Привирал, конечно, Данилыч, собирался он петельки на зайцев поставить. Детская забава.
– Чо же, ехать надо, не лежать же возле них трое суток. Отволоки, ко мне поставь. Жалко, что ли! Только куда тебе такие оглобли, не знаю. Колохват-великан их таскал, дак ему хоть лесины неободраны подвязывай! Ты-то, однако, надсадисся! Ты вот подумал, кто на них ходить-то будет? Прете, что ни попало, не спросясь, а ума нету в руках! Вообще-то ладно, полову собирать и эти сгодятся, а уж на охоту – нет! Гордость все, гордость!… Вот ты гордый, а ты спросил у понимающих людей, как лыжи-то делаются? Глядишь, оно бы и того…
– Умны-то люди разве скажут? Надсмеяться – это завсегда мы готовы, если человек, например, не в курсе. Тебя взять, зимой снегу просить?
Голос у Данилыча был сокрушенный. Лицо печальное и потное. Шкура не намачивалась, и он изводил на нее уже пятый чайник быстро набегавшего на раскаленной печке кипятку.
– А ты не гордись, не гордись. Ты спроси, спроси… Однако камасьев не пожалел бы, добра такого. Гниют иной раз пачками. Уж для тебя-то, старого друга! Разве такая шкура нужна? Волос-то у нее плохой. Не видишь, не понимаешь? Посыплется… Перегорела она, видно, А елку бери кондовую, значит, с сухого места, тонкослойную. Колохватов-великан толстые лыжи сделал, значит, свою тушу возить. А они, верь слову, сломаются. Я сразу вижу, я сразу!… Слои у них, вишь, по пальцу. Елка быстро росла, непрочная. Без красного должно быть мясо. Без красного то ись оттенка. Белая нужна, ядреная. Красная крошится…

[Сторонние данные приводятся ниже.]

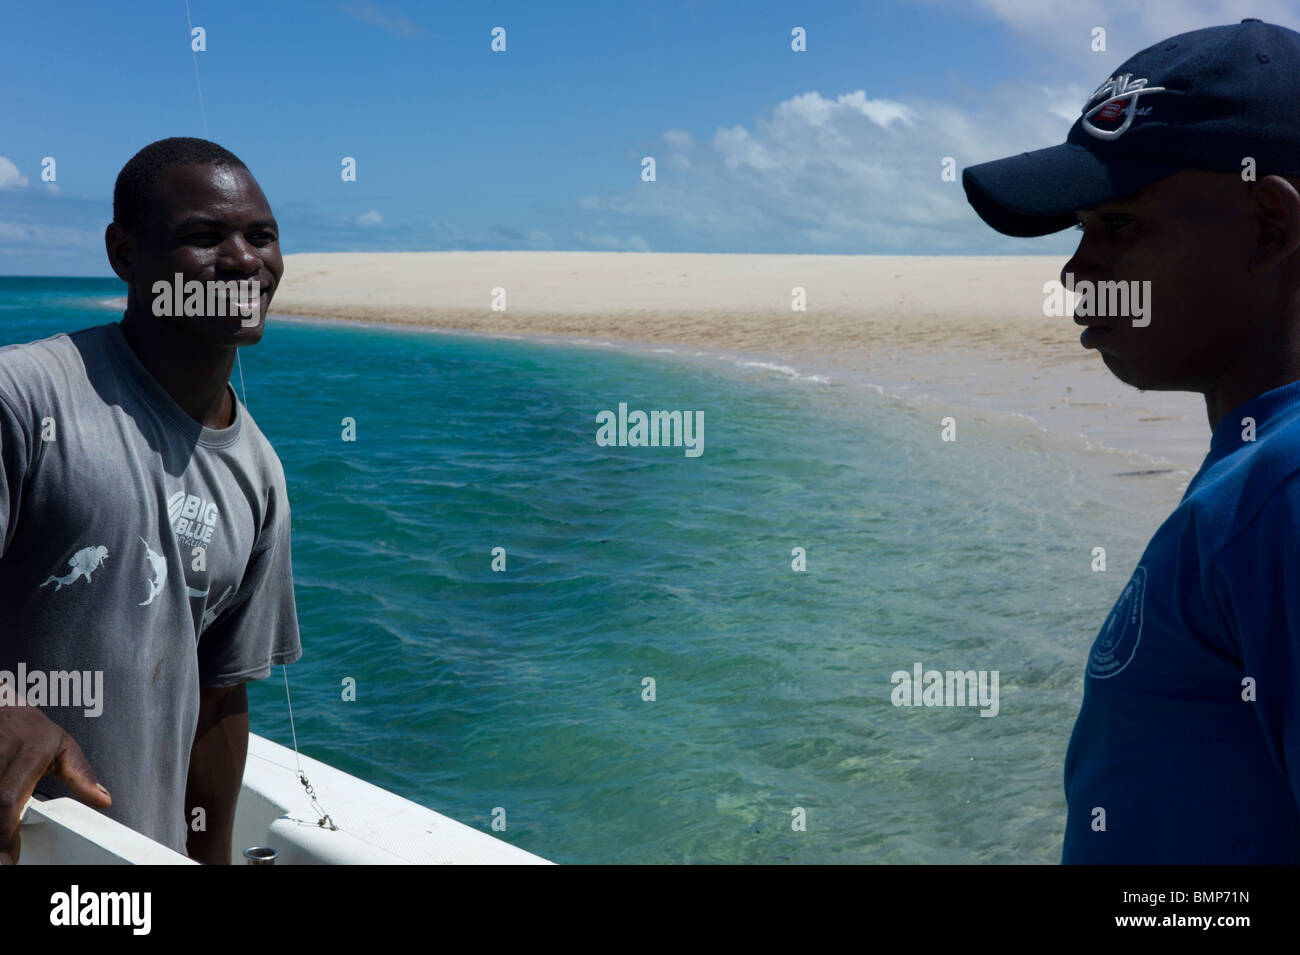 Two locals on a boat at Bazaruto Archipelago, Mozambique, Africa. Stock Photo

Глаза у Панфилыча бегали, взглядывали на слушавшего раскрыв рот Данилыча.
Хорошая, кажется, минута; все кажется – вот добро делает Панфилыч. А ведь и тут утаил, что хотел сказать! Что поделаешь, натура! Про крень хотел сказать, а не сказал! Жалко, что ли?… Вот болезнь у человека – никогда всю правду не скажет, всех секретов не раскроет.